First on the next day’s agenda was a quick trip to the dry-goods store. Mary bought fresh material, lugged it home, and began to sew. She kept on sewing until late the night before Howland was due to arrive, and the final curtain got hung in the nick of time. What her new editor thought of the bedroom decor was beside the point—what he’d come to see were manuscripts. Had Mrs. Rinehart anything else to show him?
She had. There was no time to take those other two ratty carbons to the bindery but Editor Howland didn’t care. He read them both, sitting all day long in the living room with the Rinehart boys and the Rinehart dogs for company. He could not but have been impressed by the virtuosity of a young housewife who could spin off three diverse tales in such a fresh and often amusing style. He’d take them all and be glad he got them.
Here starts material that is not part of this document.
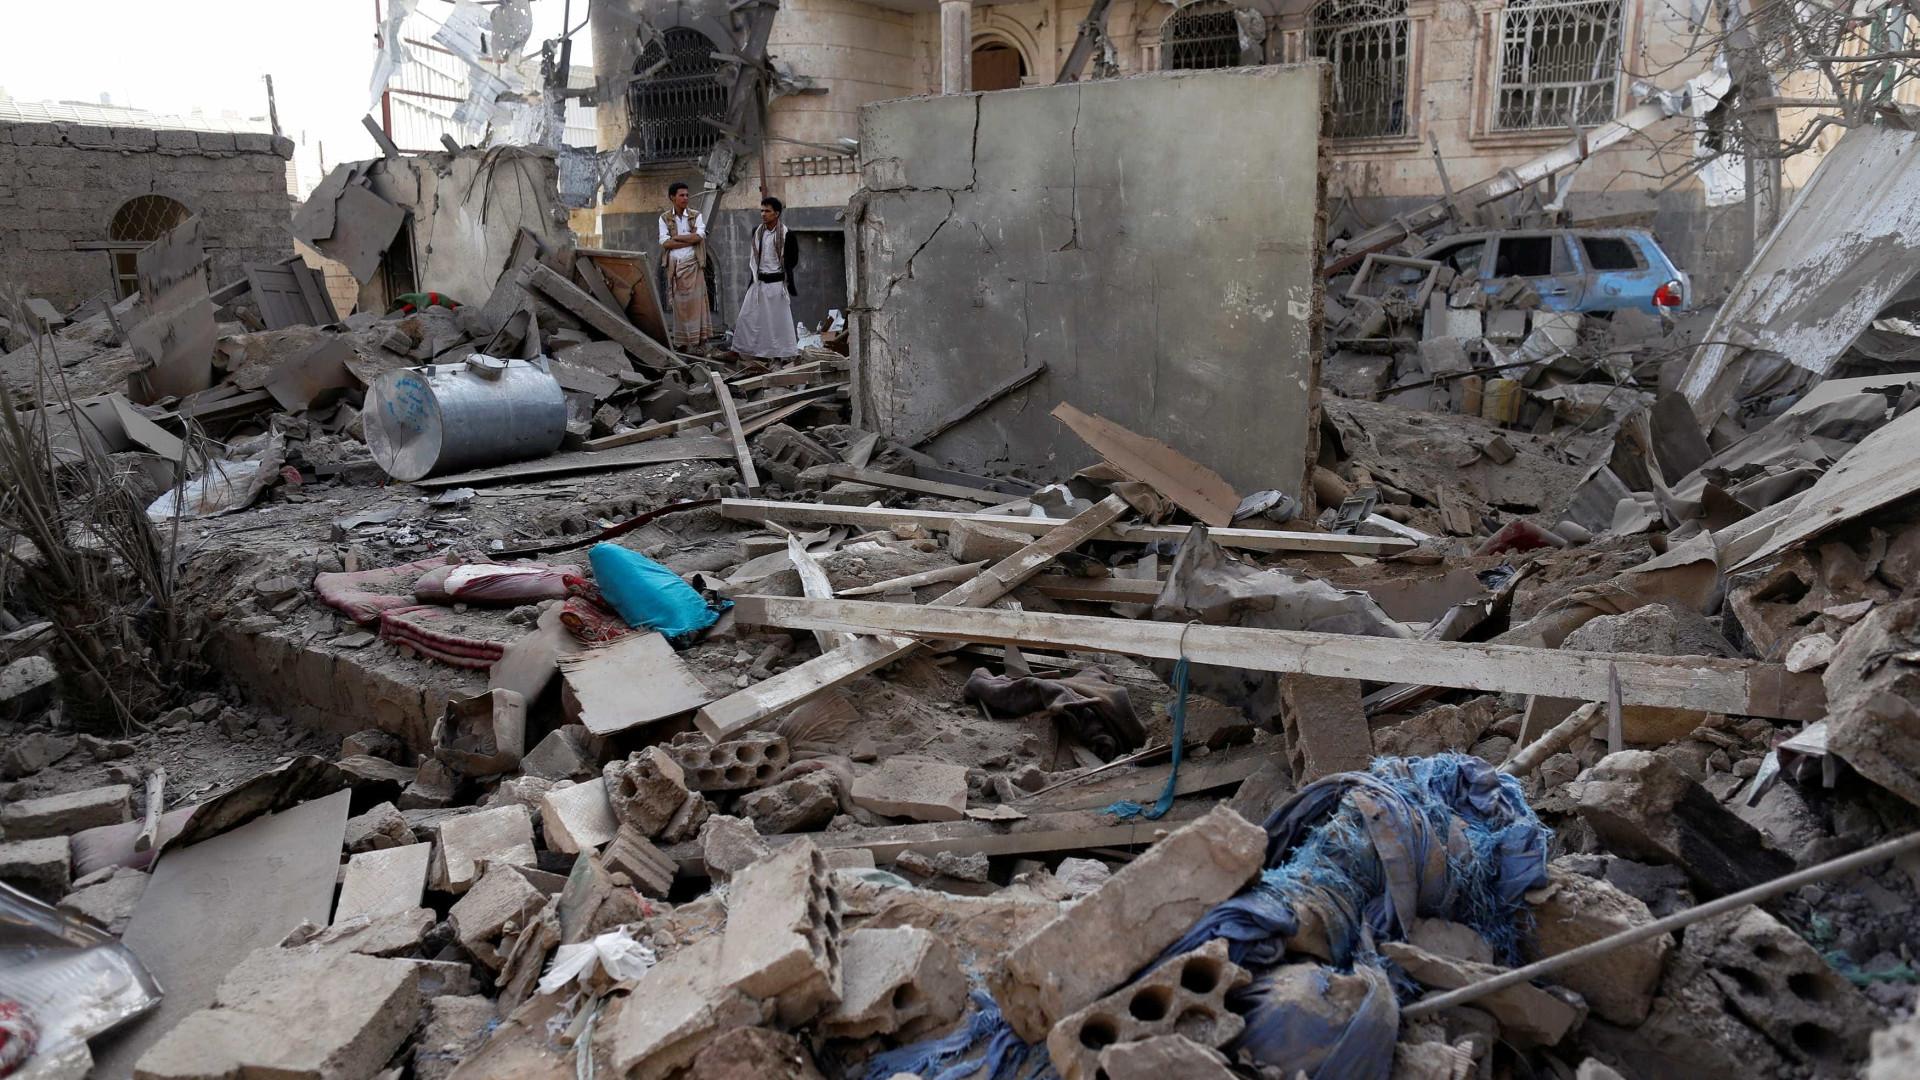 Ataque aéreo atinge mercado e  deixa ao menos 25 mortos no Iêmen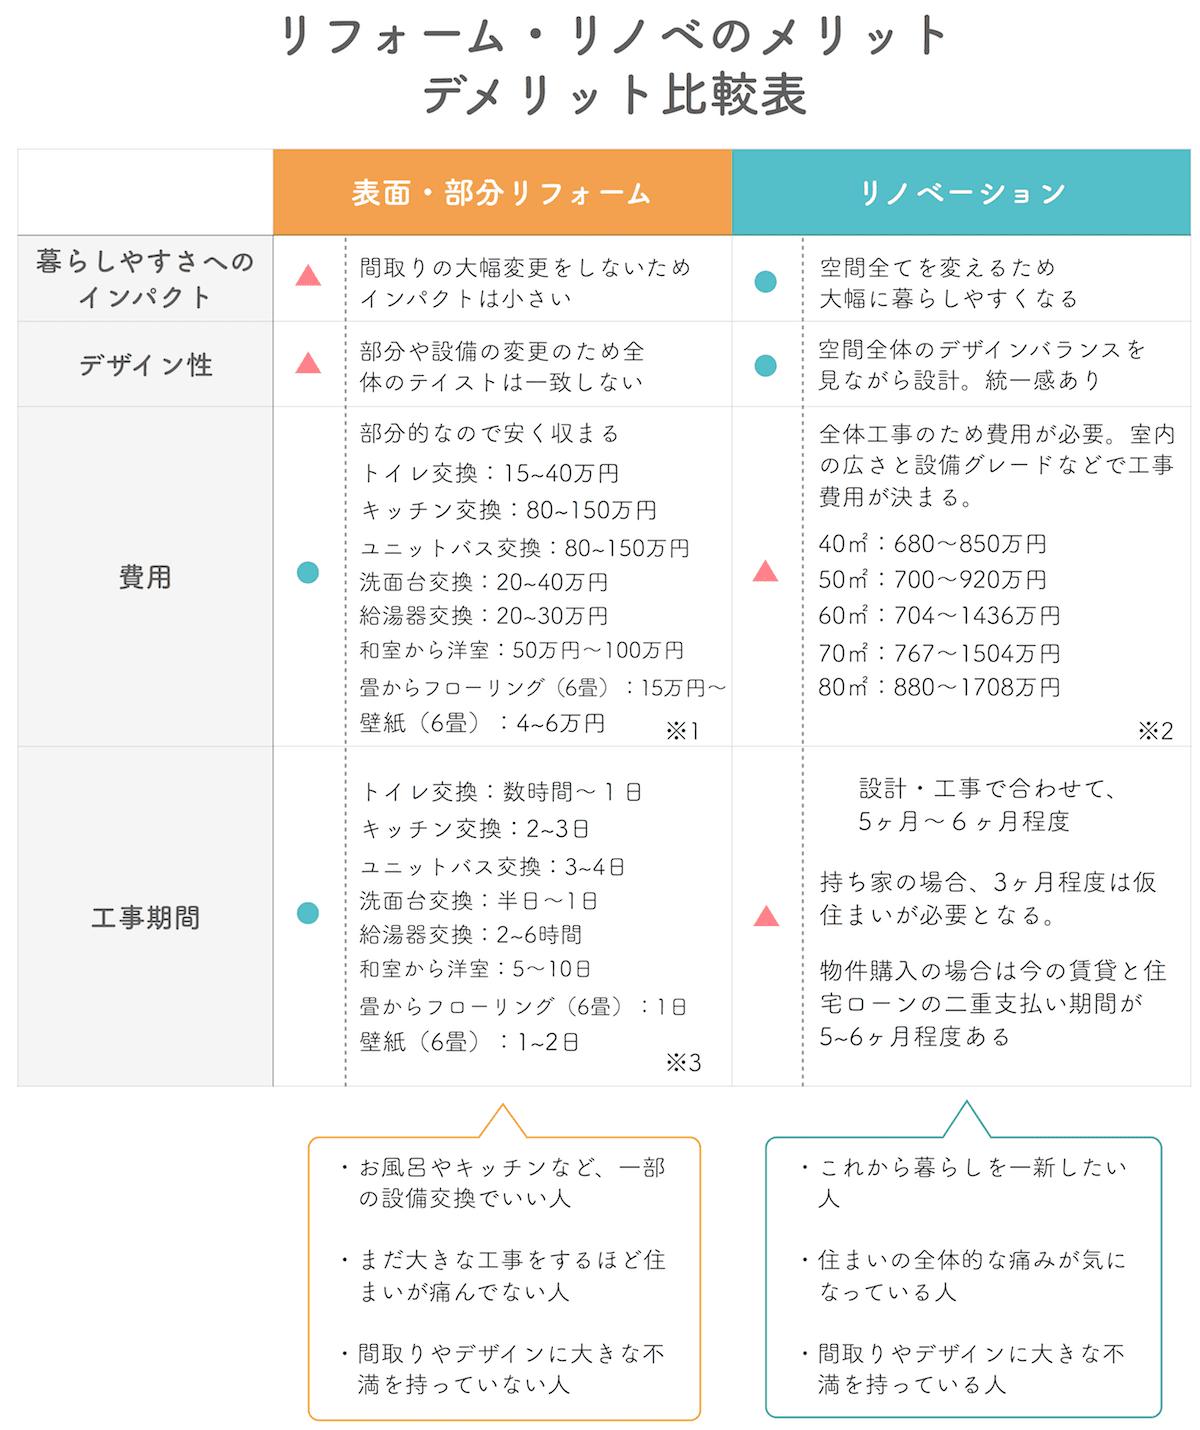 リフォームとリノベーションのメリットデメリット比較表

He was already planning to publish The Circular Staircase in 1908, The Man in Lower Ten in 1909, and The Mystery of 1122 in 1910. He didn’t care much for that last title, so he and Mary wisely changed it to The Window at the White Cat.
Mary had scrupulously listed each one of the small sums she’d gotten for her short pieces and her serial rights in the old bankbook, but she didn’t know what to put down for Bobbs-Merrill’s three-book deal. That didn’t matter. Her husband was by now making a goodly amount of money at his practice, and he naturally expected to be the family’s major breadwinner for the rest of his life, but it was beginning to look as if there might be plenty of jam on the Rineharts’ bread.
By now, Stanley must have managed to sublimate any atavistic qualms; he had begun taking an enthusiastic interest in his wife’s burgeoning career as a writer. Knowing Mary as he’d had every opportunity to do since that fateful day when she’d tripped into his office with her flounced parasol and rose-bedecked hat, applied to join the nurses’ training program, and proved throughout her arduous three years of training to have a backbone of good Pittsburgh steel, he must have realized somewhere along the line that she’d never be content to spend the rest of her life sewing on buttons and ordering lamb chops. He’d taken her for better or worse. There’d been enough of the worse. Why play dog in the manger now that the good times were starting to roll?
Despite his ongoing war with the inanimate, the collar buttons that willfully leaped from his shirts, the matches that wouldn’t light, the cussedness of things in general, Stanley Rinehart was clearly a man who would rather be happy than not. He showed himself a genial host to Mary’s suddenly acquired editor. When they gathered around the piano after dinner, it was his fine baritone that led the singing. Mary played, the little boys sang, Hewitt Howland sang, even the family collie sang. This could hardly have been the kind of reception Howland was used to; he must have left the next day with a strong awareness that his newest author would turn out to be somebody altogether out of the ordinary.